Thanksgiving ist das größte Fest in Amerika, wichtiger als Weihnachten, weil alle es feiern, konfessionsübergreifend, egal ob sie in die Kirche, die Synagoge, die Moschee, den Hindutempel oder in gar kein Gotteshaus gehen. Seinen Charme bezieht es zudem aus der Tatsache, dass auf Geschenke weitgehend verzichtet wird. Ein Stressfaktor weniger. In einem Land, das so von Konsum und Kommerz geprägt ist wie die USA, ist das eine Wohltat. Nur hält die Pause vom Kommerz nicht lange an: Am Black Friday, dem Freitag nach dem Thanksgiving Day, ergeben sich Millionen von Amerikanern dem Kaufrausch mit einem Eifer, als gelte es, die Pause schnellstens vergessen zu machen.

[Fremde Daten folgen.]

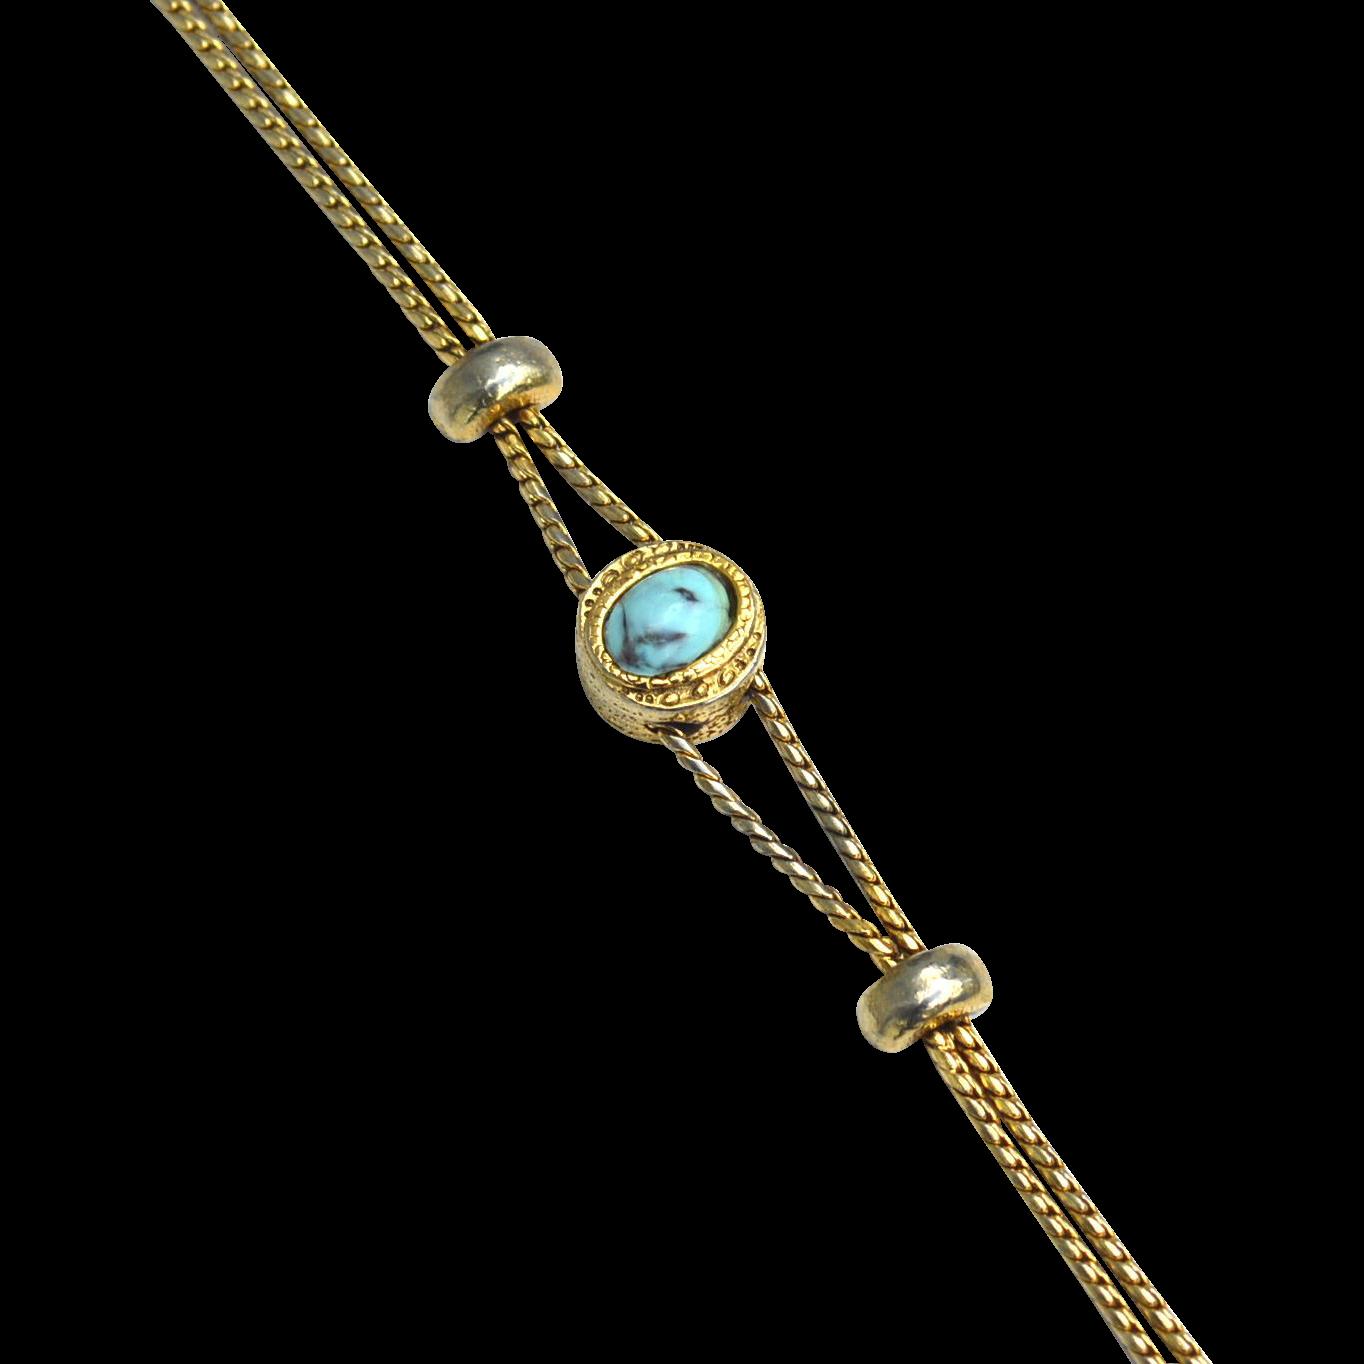 Vintage Signed GOLDETTE Faux Turquoise Victorian Revival Slide Bracelet

Black Friday, der Tag der Sonderangebote, läutet das Weihnachtsgeschäft ein. Den Mittwoch der Thanksgiving-Woche nennt der Volksmund übrigens Gridlock Day, den Tag der Verkehrsverstopfung, des Verkehrsinfarkts, an dem sich viel zu viele Menschen auf einmal auf den Weg nach Hause zur Familie machen. Die Flughäfen operieren schon seit dem Wochenende jenseits der Grenze ihrer Belastbarkeit.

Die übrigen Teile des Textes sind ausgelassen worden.